→ Input data:
====================

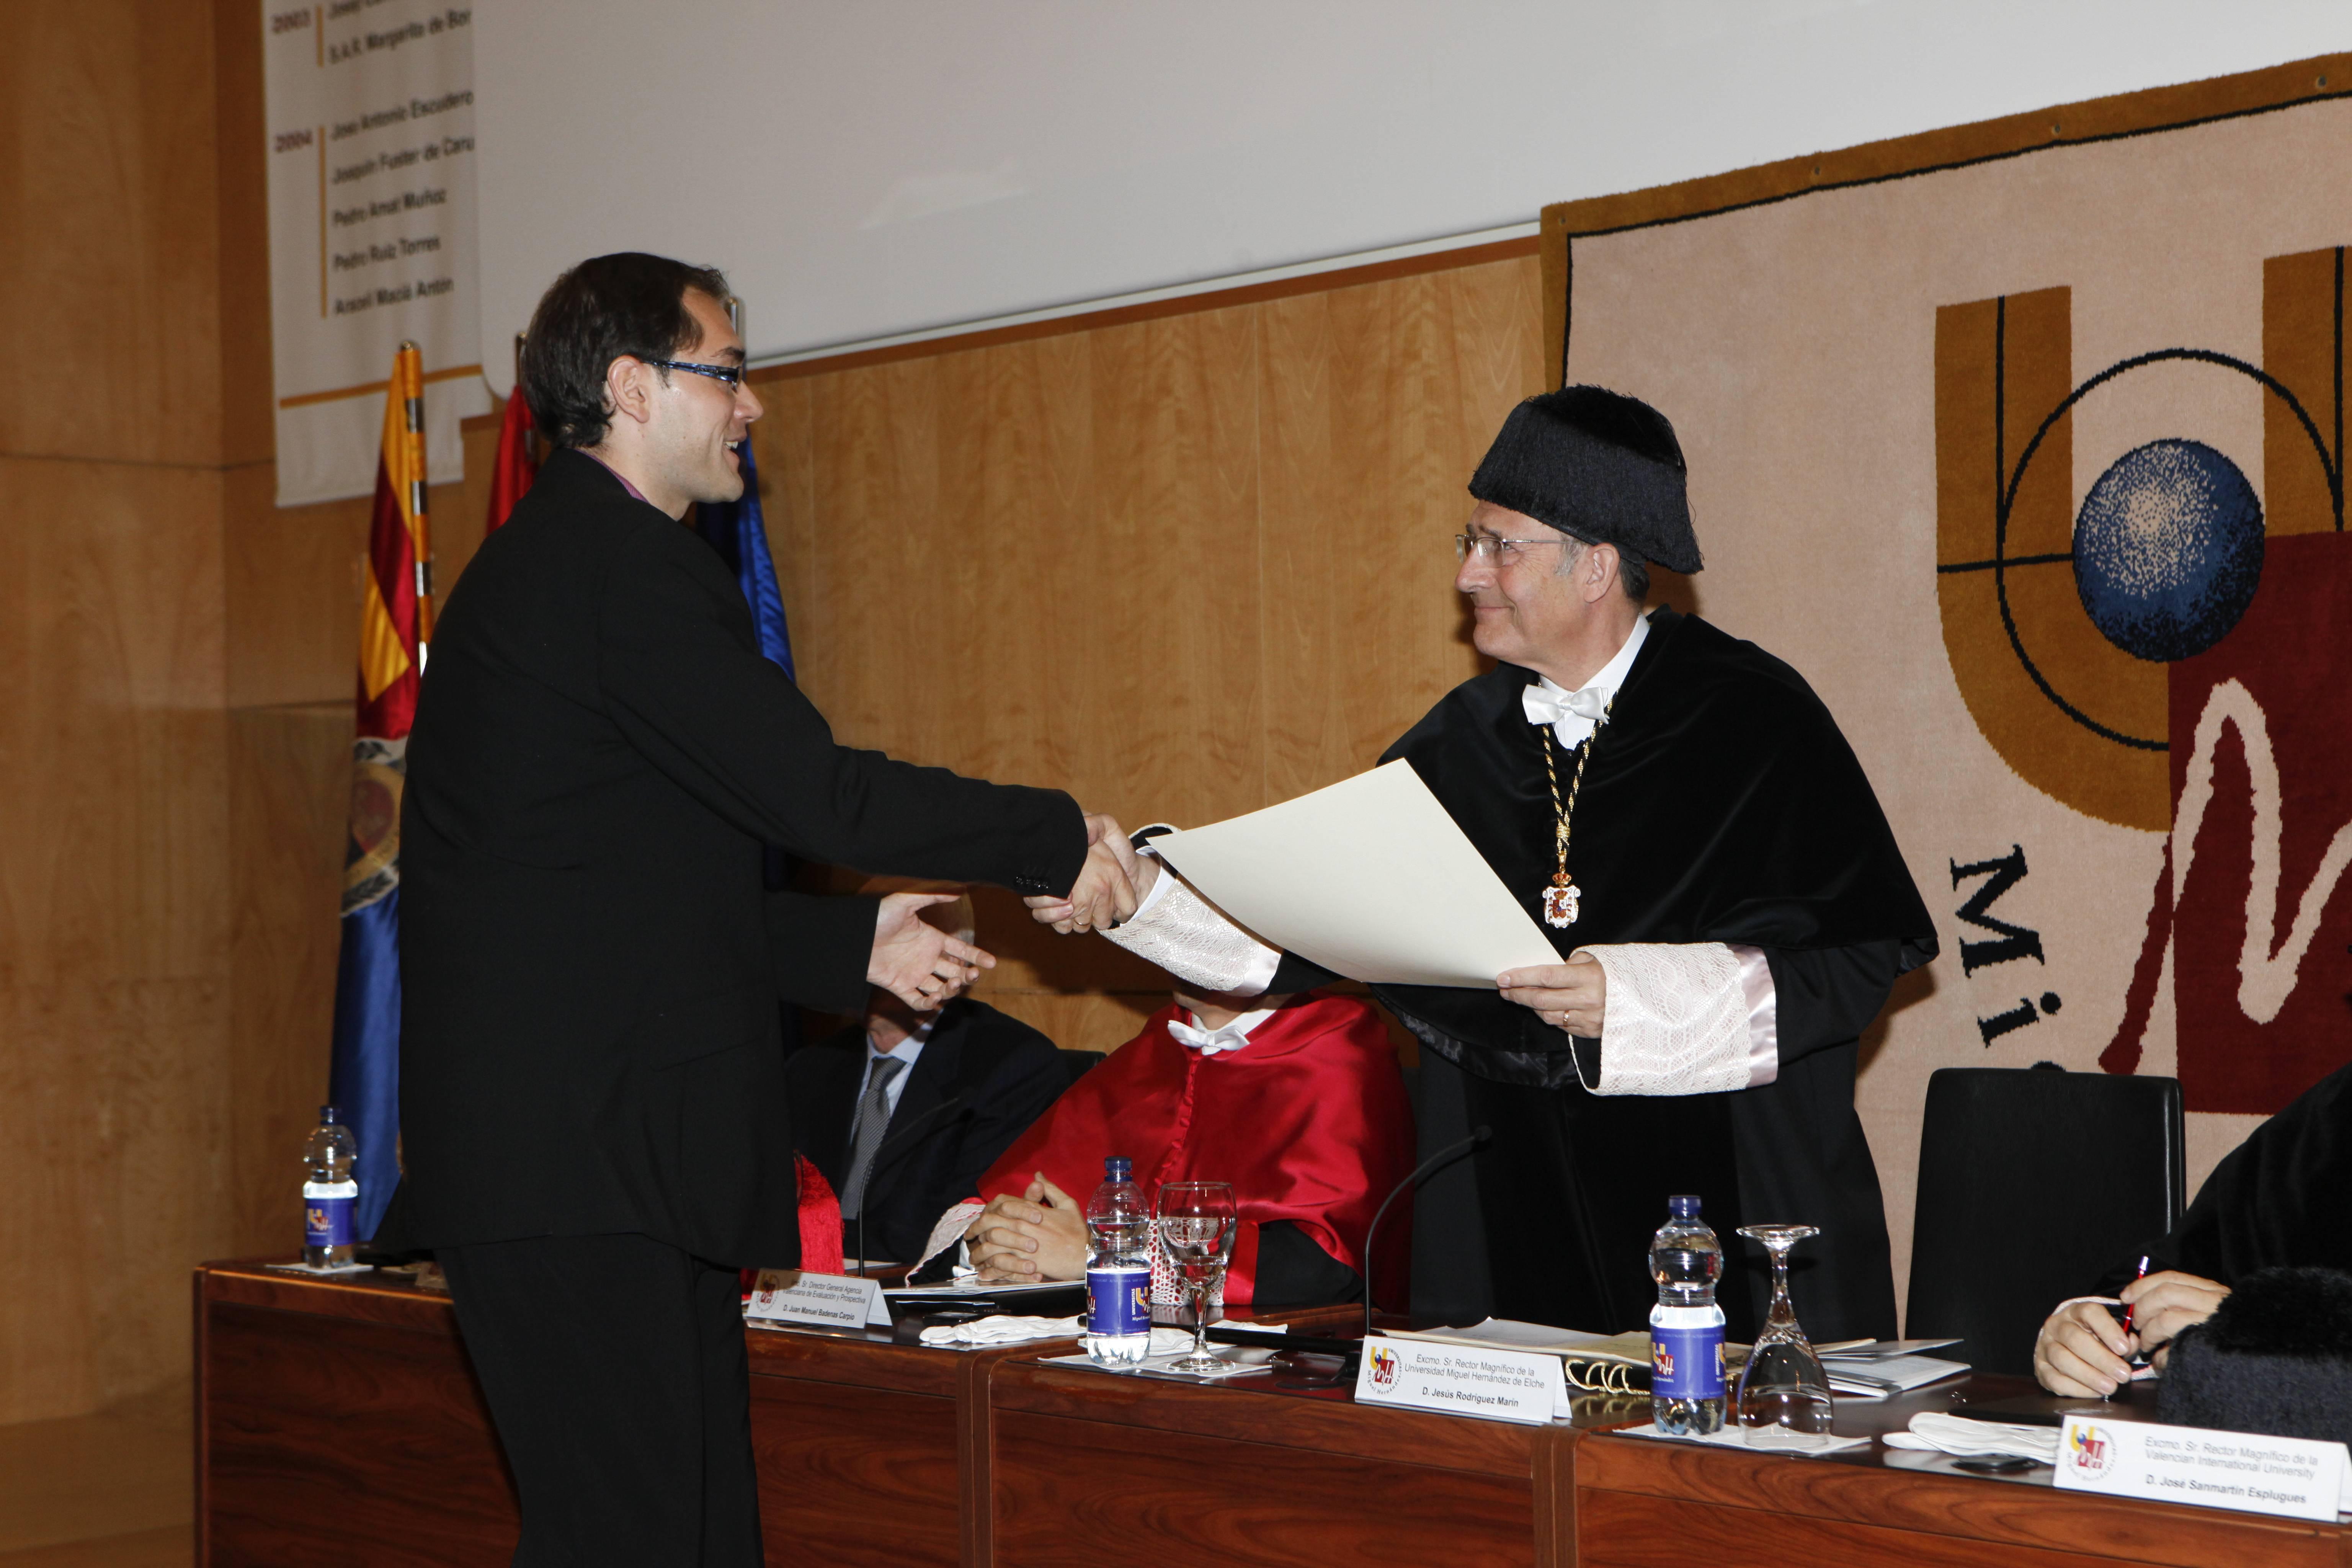 doctor-honoris-causa-luis-gamir_mg_1034.jpg
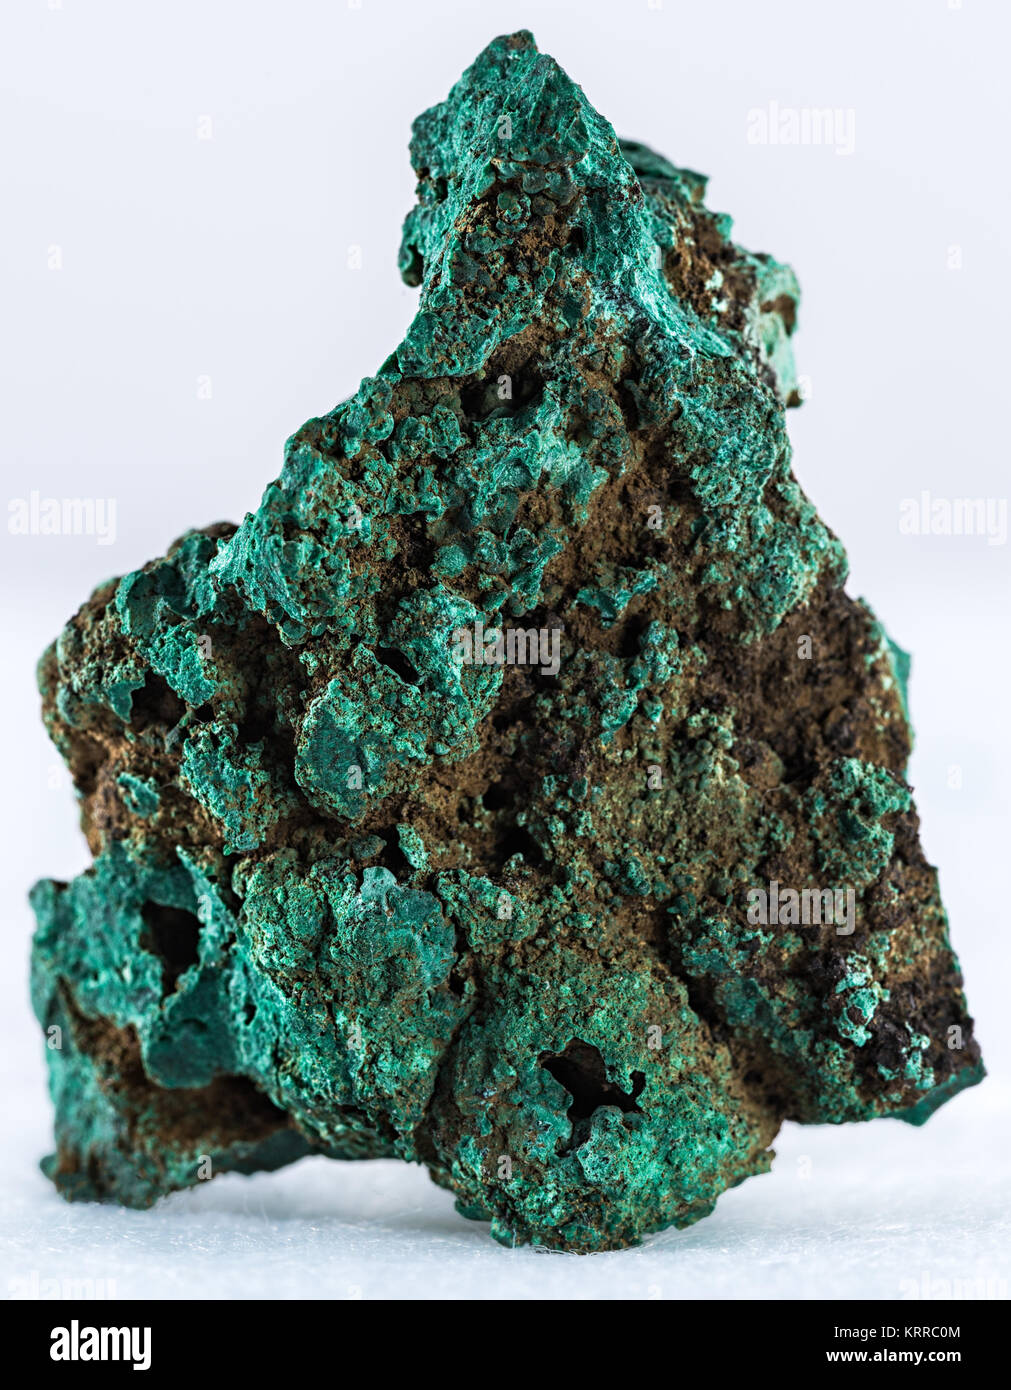 malachite mineral and nature stock photos amp malachite
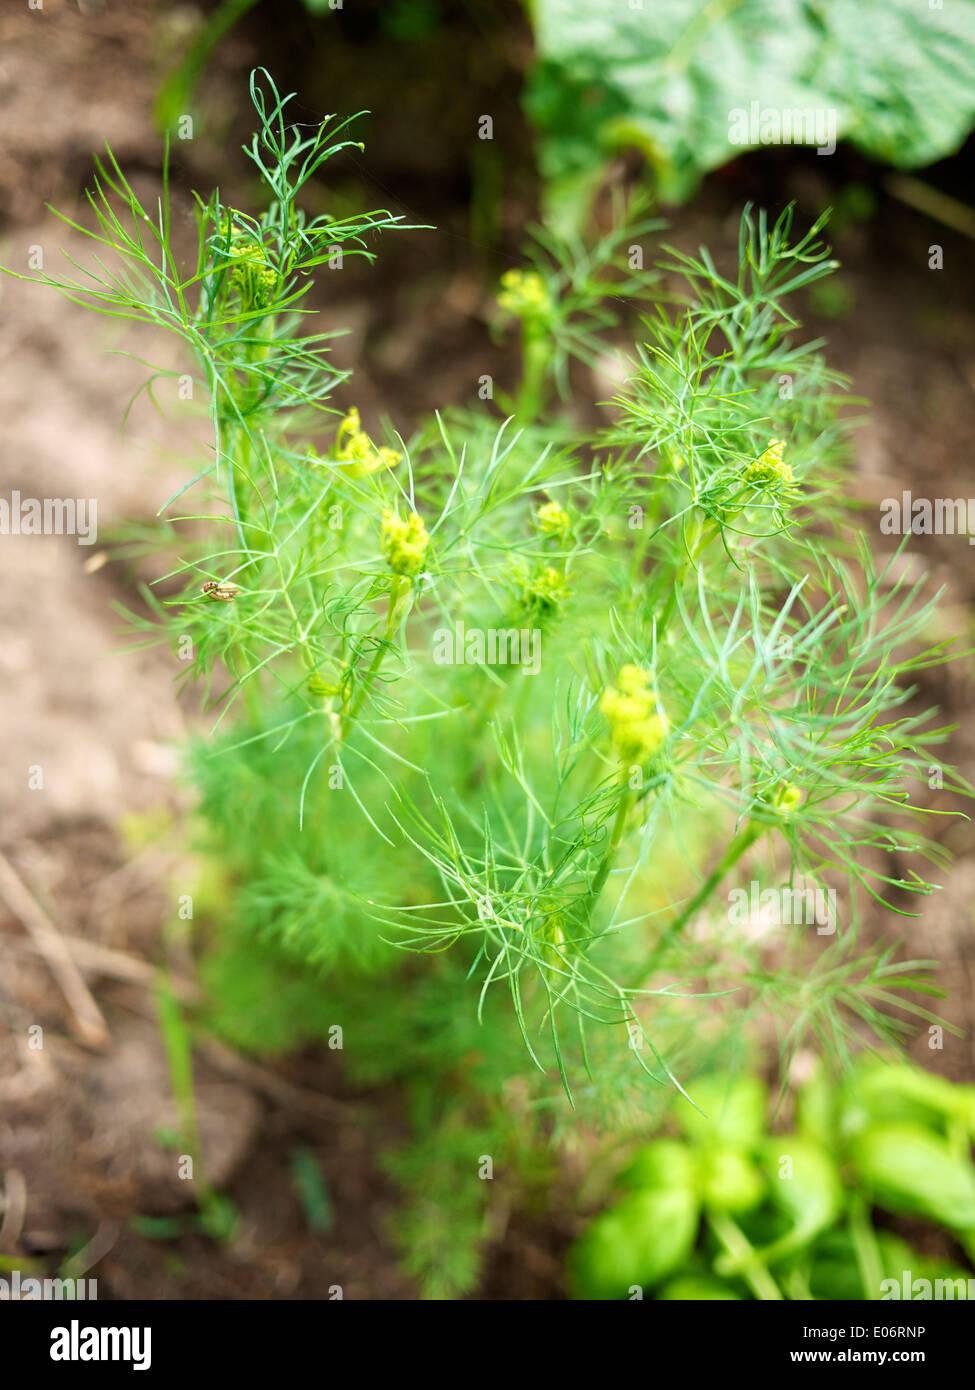 Dill (Anethum graveolens) in a garden. - Stock Image

====================

→ Work order: Output the data exactly. Leave every picture out.

→ Final answer:
 doctor-honoris-causa-luis-gamir_mg_1034.jpg
 malachite mineral and nature stock photos amp malachite
 Dill (Anethum graveolens) in a garden. - Stock Image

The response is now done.